There was a coin glistening on my right, probably slipped from my pocket, it was perfectly polished, and I grasped at it, wanting it to comically disappear. It didn’t.

Everything was real here. I heard a scuffling beside me, and my breath stopped.

Please don’t be him.

He wasn’t even born, yet I hoped I would never see him again.

*

I never planned on having a child when I was younger, I found them too clingy, needy like strong adhesive tape they’d fasten themselves around your limbs, your mouth, robbing your freedom, your voice, your sanity. Older, I finally became reconciled to the idea.

I expected my life to change. I just didn’t expect it to happen so soon.

I was one month pregnant when he started appearing.

At first it was in surfaces, another reflection in the mirror, the silver faucet, the bath water, a little boys’ face in the glass of the shower door.

Then he started appearing everywhere, in a chair across the café, standing at the park, sitting in the patio. He was always smiling impassively, never speaking, cocking his head to one side and my swollen stomach would stir as if in a silent, menacing greeting.

It got worse with time. He was quietly consuming my life, gnawing away at my innards and shredding my sanity.

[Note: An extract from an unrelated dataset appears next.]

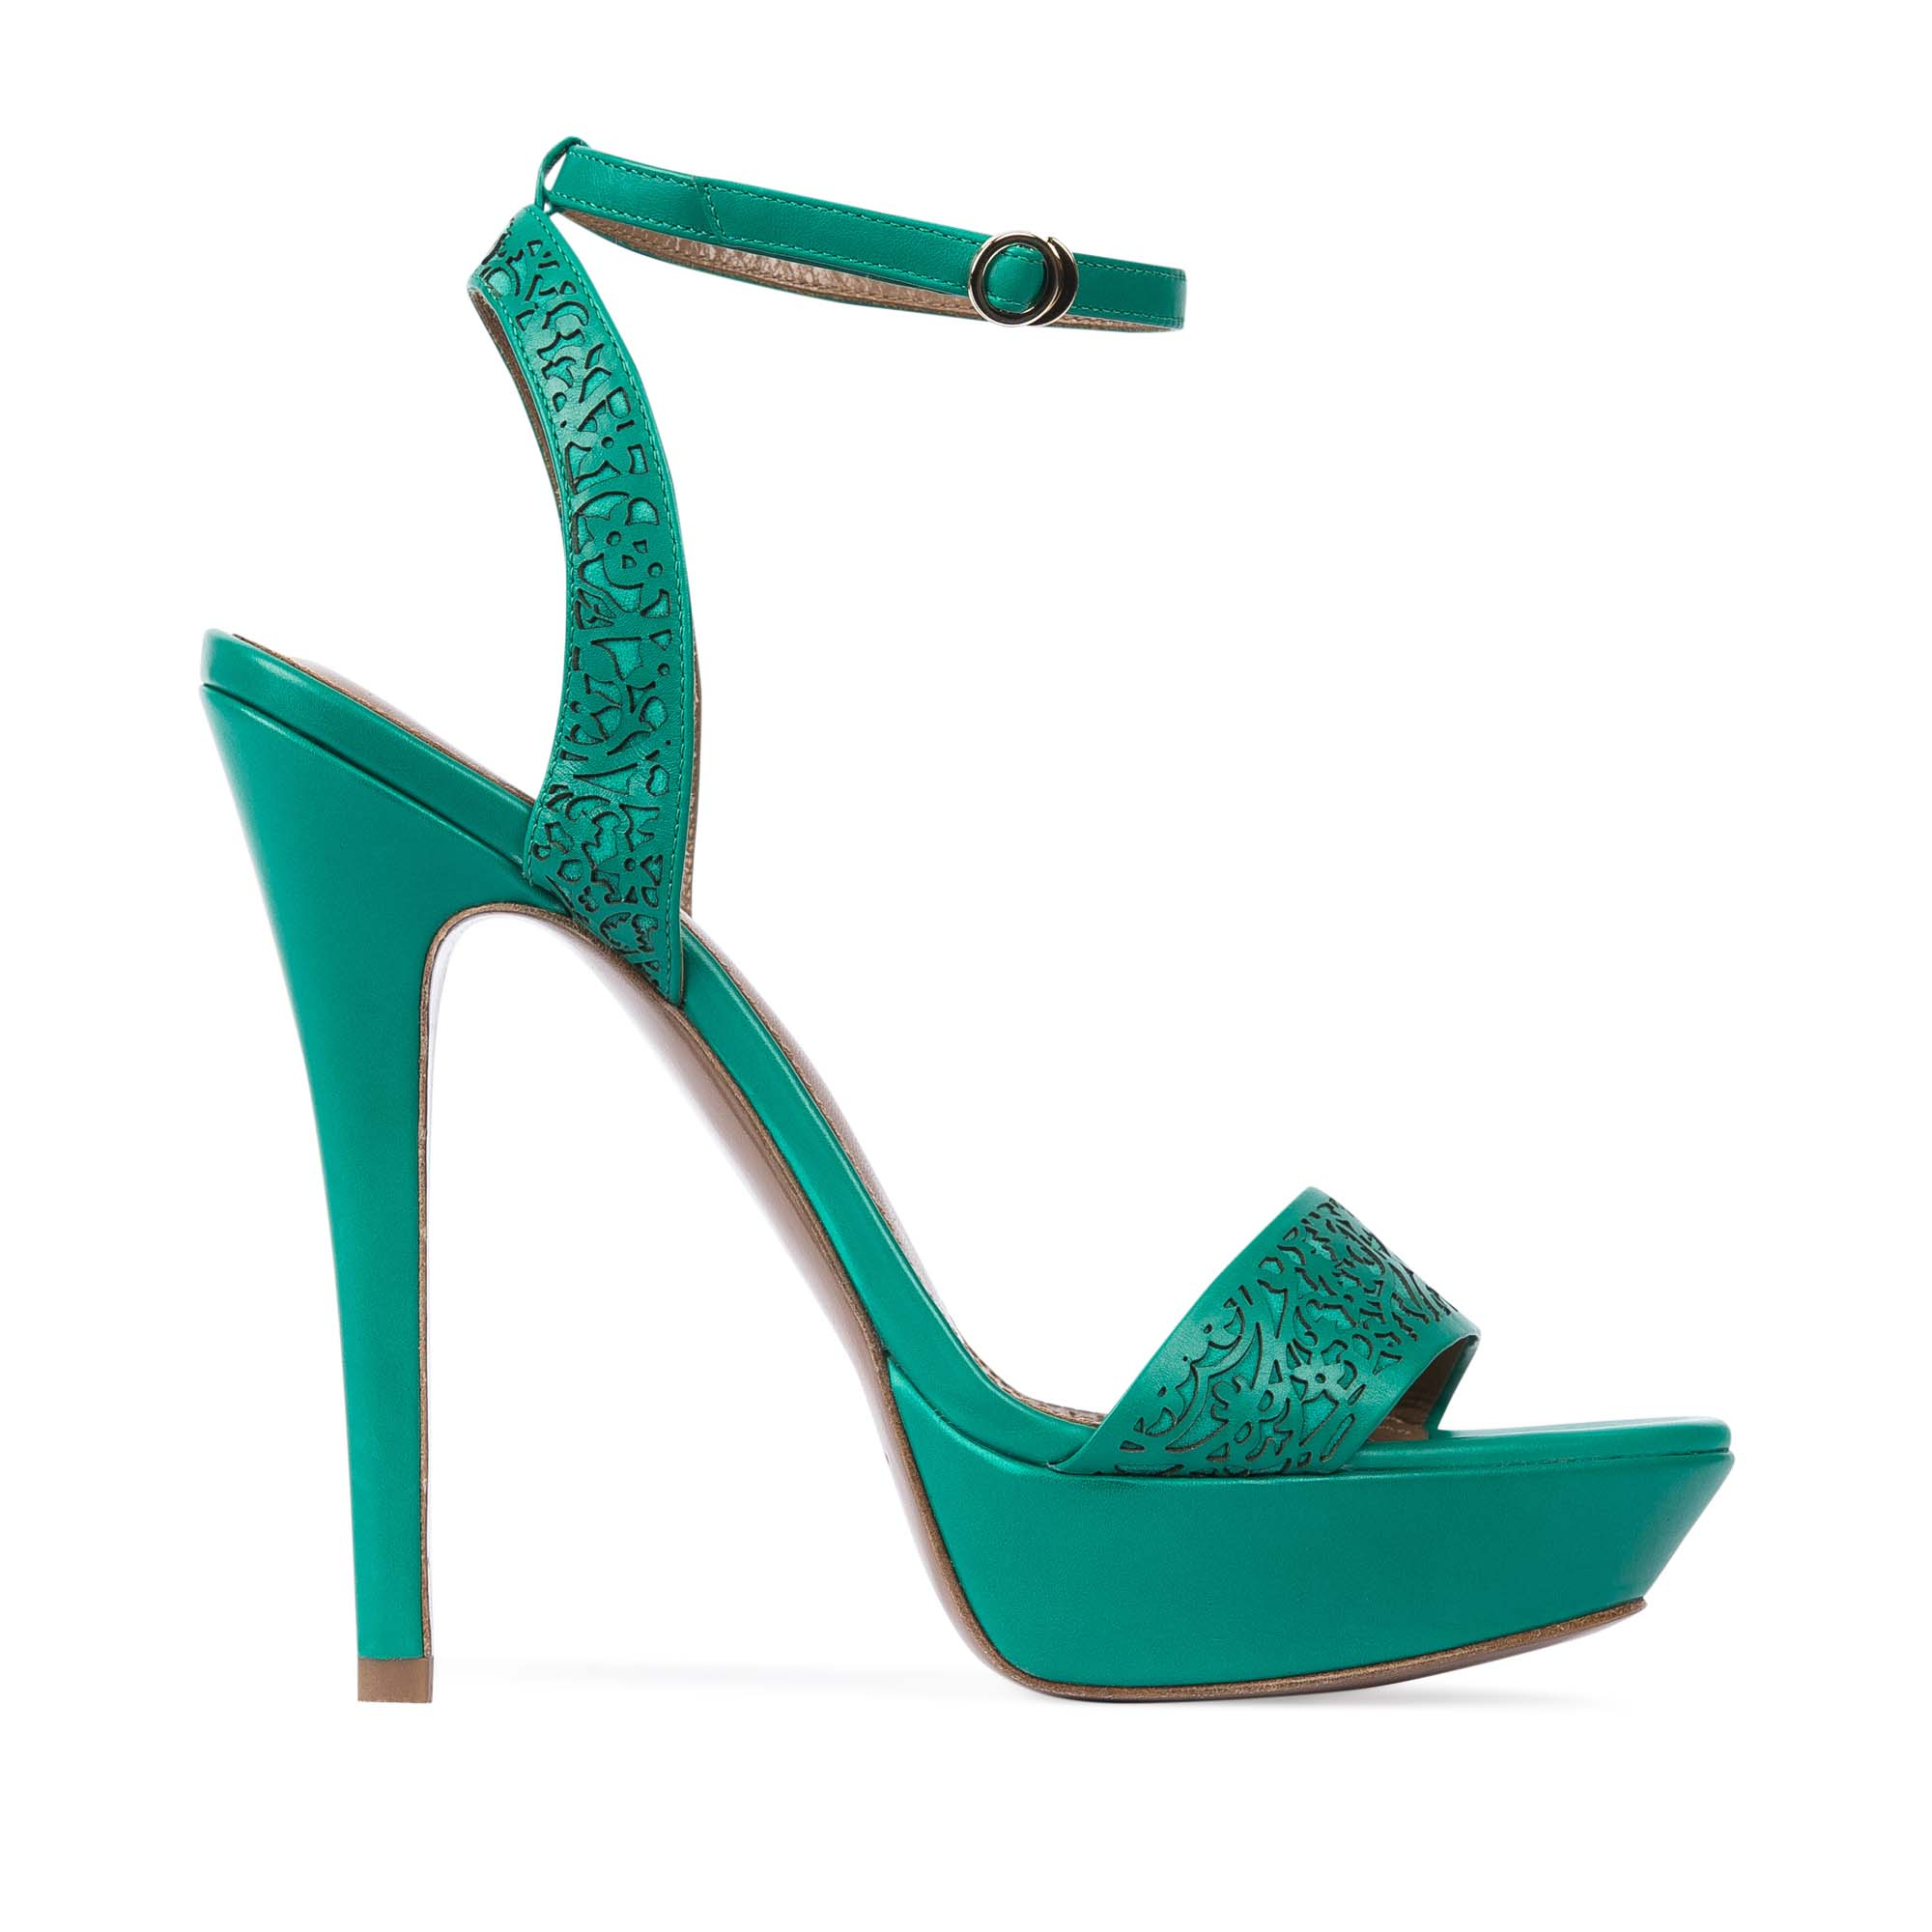 Босоножки изумрудного цвета с закрытой перфорациейТуфли женские<br><br>Материал верха: Кожа<br>Материал подкладки: Кожа<br>Материал подошвы: Кожа<br>Цвет: Зеленый<br>Высота каблука: 13 см<br>Дизайн: Италия<br>Страна производства: Китай<br><br>Высота каблука: 13 см<br>Материал верха: Кожа<br>Материал подкладки: Кожа<br>Цвет: Зеленый<br>Вес кг: 0.52600000<br>Выберите размер обуви: 38

He was an intruder, a squatter, robbing the space inside me, cocooned by my skin, thriving like a root plant, my blood, the dirt.

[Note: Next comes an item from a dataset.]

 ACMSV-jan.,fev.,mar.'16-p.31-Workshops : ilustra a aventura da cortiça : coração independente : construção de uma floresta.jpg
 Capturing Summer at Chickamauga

As I came to term, more Time began disappearing, like photos eerily taken out of frames; the voids increased.

*

The coin lay in my palm and I thought about how I should have tried harder to smother his life while it was this miniscule.

The abortion clinic was a ghastly affair, speeding along the country highway, hands quivering uncontrollably against the wheel, half-expecting him to appear in the seat next to me, in the middle of the road, in my lap, like all the times before. But it didn’t happen.

In the stiff clinic chair, my nerves were electrified, every word from the nurses’ lips was like a pulsating shock, making me jolt. I imagined him at the window, eyes narrowed, hating me for what I was about to do. I must’ve looked hysterical, distracted, a woman deluded, incapable of choice. She asked me again, uncertain, nervous, and I almost screamed yes. This was the seventh appointment and the only one I’d kept. There were more talks and I forced calm until the tip of a needle slid under my skin.

I thought it was all over.

I felt a relieving emptiness, like a tense, evil grip had been removed from my shoulder.

That night I snapped awake to lost Time and found myself smiling impassively in the bathroom mirror with a cord in my hands, wrapped around my own throat. My stomach stirred and I could hear a small boyish laugh. A tit for tat.

I didn’t try again.

*

Now I was somehow on a hayride, moving fast, taking me further into a rural wilderness.

He had brought me here.

The pain in my stomach was becoming immense, strong waves of nausea, my skin feeling as if it was being seared open. Was this really it? I’d talked to doctors, seen movies but this pain was surreal, dystopian, my body feeling as if it was being torn, severing my organs.

My stomach was growing larger. Was this normal?

It didn’t stop expanding.

That’s when I started to scream, but not from just the pain. This wasn’t a birth; he was hatching.

I saw the face of a smiling woman in the side-mirror and screamed.

*

The woman halted the tractor, low, fragmented echoes still reverberated in the night air. Her eyes were expressionless, a thin, disjointed smile on her lips. She hopped clumsily from the seat, as if she was unused to her own body. She cradled a swollen belly.

“That took long enough,” she said. A naked, smiling boy was sitting in the bloodied remains of a woman whose stomach had exploded outwards, her body ruptured all over the haybed, like she’d vomited herself apart.

The boy, sitting at the centre, licked the blood from his fingers, unfazed at the disjointed head lulling beside him. He looked at the woman, at her gaping belly, thought about the creature pulling her strings like a marionette, and wondered how long it was until her delivery.

It was okay, she wouldn’t remember this.